Good-Suffix Table
\( \def\dd{\dot{}\dot{}} \def\tbsuff{\mathit{good\text{-}suff}} \def\per{\mathit{per}} \)The Boyer-Moore algorithm (BM) applies the sliding window strategy on the text to locate occurrences of a pattern. It requires a pattern preprocessing to accelerate the search.
At a given step, the algorithm compares the pattern and a window on the text by computing their longest common suffix $u$. If $u=x$ a match occurs. Otherwise, in the generic situation, pattern $x[0\dd m-1]$ is aligned with the window, factor $y[j-m+1\dd j]$ of the text, $au$ is a suffix of $x$ and $bu$ a suffix of the window, for different letters $a$ and $b$.
To continue the search, Algorithm BM slides the window according to the period of $x$ in case of a match or otherwise to the factor $bu$ of the text to avoid positions of the window where no occurrence of $x$ is possible. To do so it uses the good-suffix table $\tbsuff$ defined for a position $i$ on $x$ and $u=x[i+1\dd m-1]$ by $$\tbsuff[i]=\min\{|v| \mid x \mbox{ suffix of } uv \mbox{ or } cuv \mbox{ suffix of } x, c\neq x[i]\}.$$
The condition "$cuv \mbox{ suffix of } x$" with $c\neq a=x[i]$ ensures that when letter $c$ is aligned with letter $b=y[j-m+1+i]$ after sliding the window, the same mismatch does not re-occur immediately.
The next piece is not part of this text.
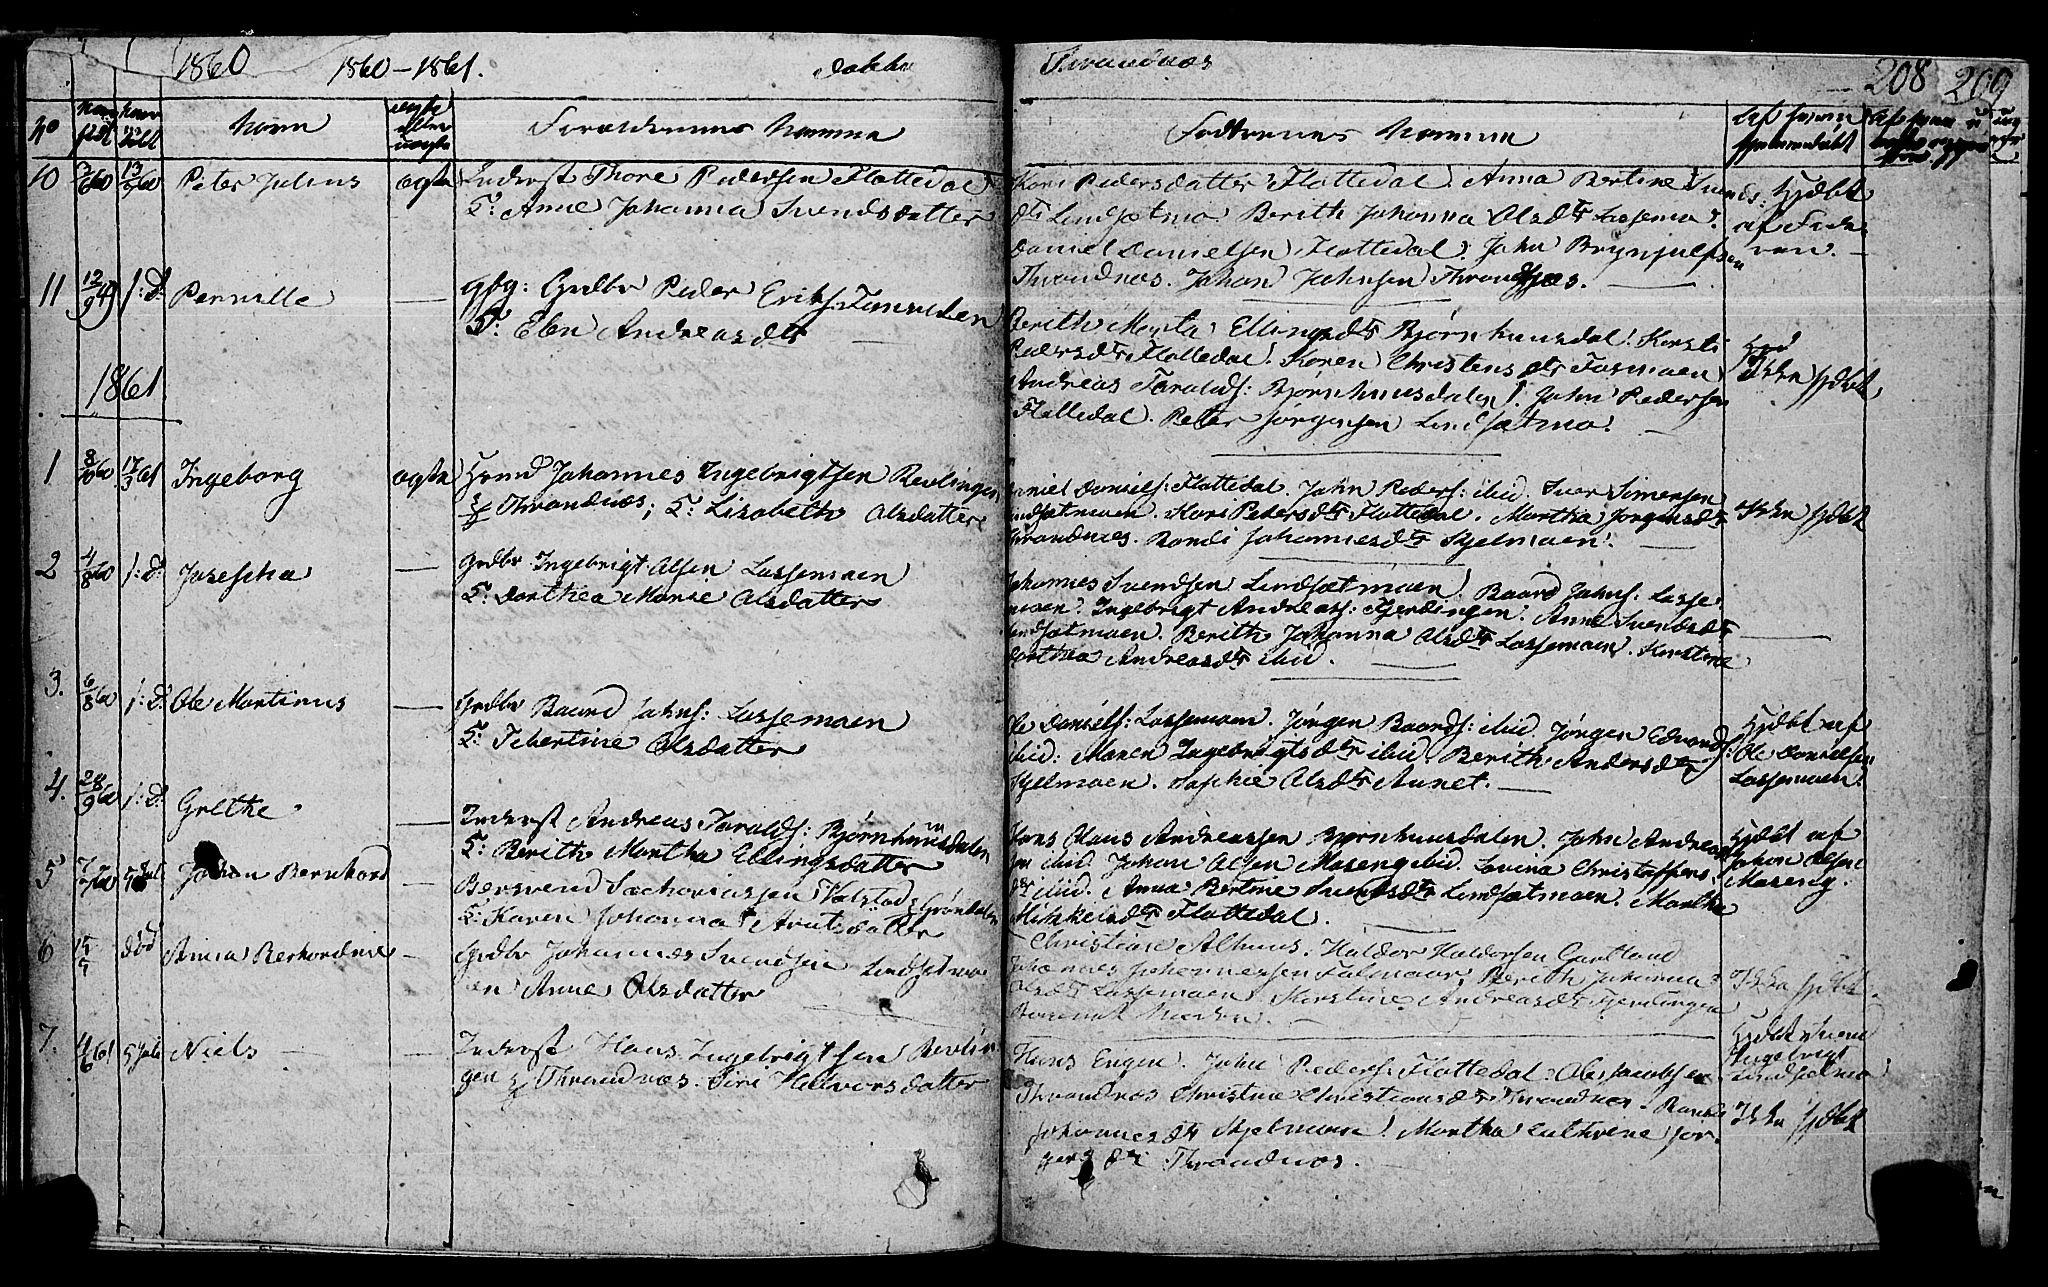 SAT, Ministerialprotokoller, klokkerbøker og fødselsregistre - Nord-Trøndelag, 762/L0538: Ministerialbok nr. 762A02 /2, 1833-1879, s. 208
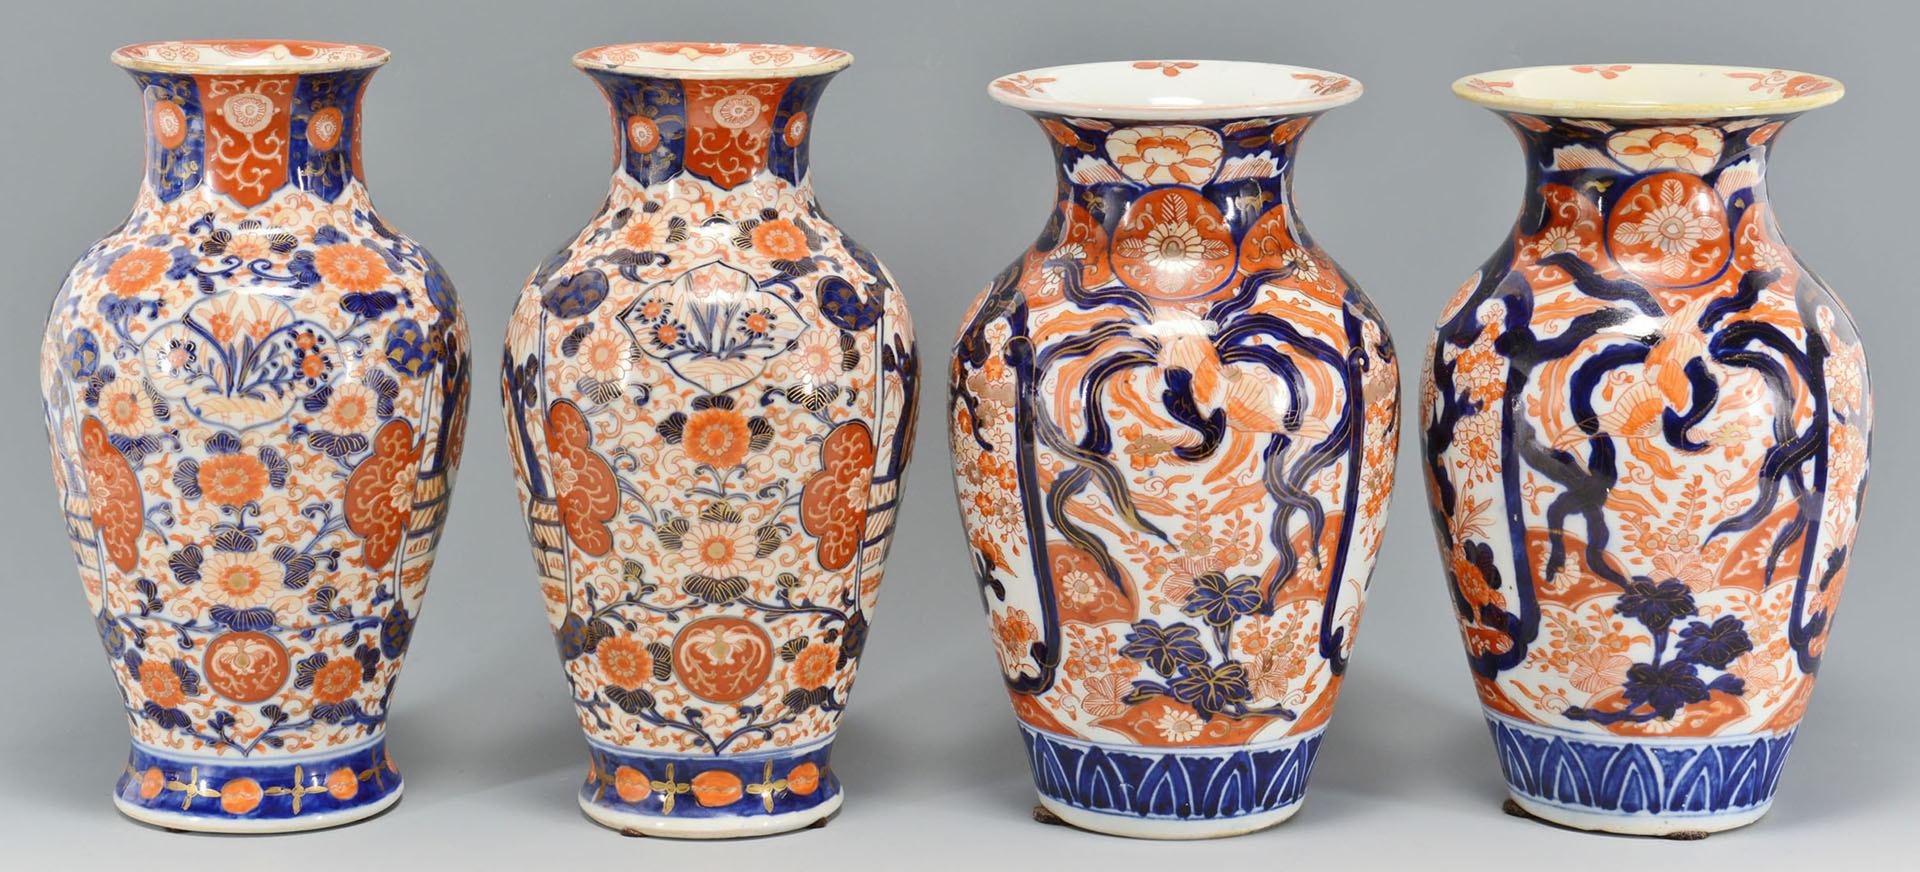 Lot 460: 2 Pairs of Japanese Imari Vases

From the definition note that $\tbsuff[0]=\per(x)$.
The good-suffix table can be computed in $O(|x|)$ time by the following algorithm.
\begin{algorithmic}
\STATE $p\leftarrow 0$
\FOR{$k\leftarrow m-2$ \DOWNTO $-1$}
\IF{$k = -1$ \OR $suff[k] = k+1$}
\WHILE{$p \lt m-1-k$}
\STATE $good\text{-}suff[p]\leftarrow m-1-k$
\STATE $p\leftarrow p+1$
\ENDWHILE
\ENDIF
\ENDFOR
\FOR{$k\leftarrow 0$ \TO $m-2$}
\STATE $good\text{-}suff[m-1-suff[k]]\leftarrow m-1-k$
\ENDFOR
\RETURN{$good\text{-}suff$}
\end{algorithmic}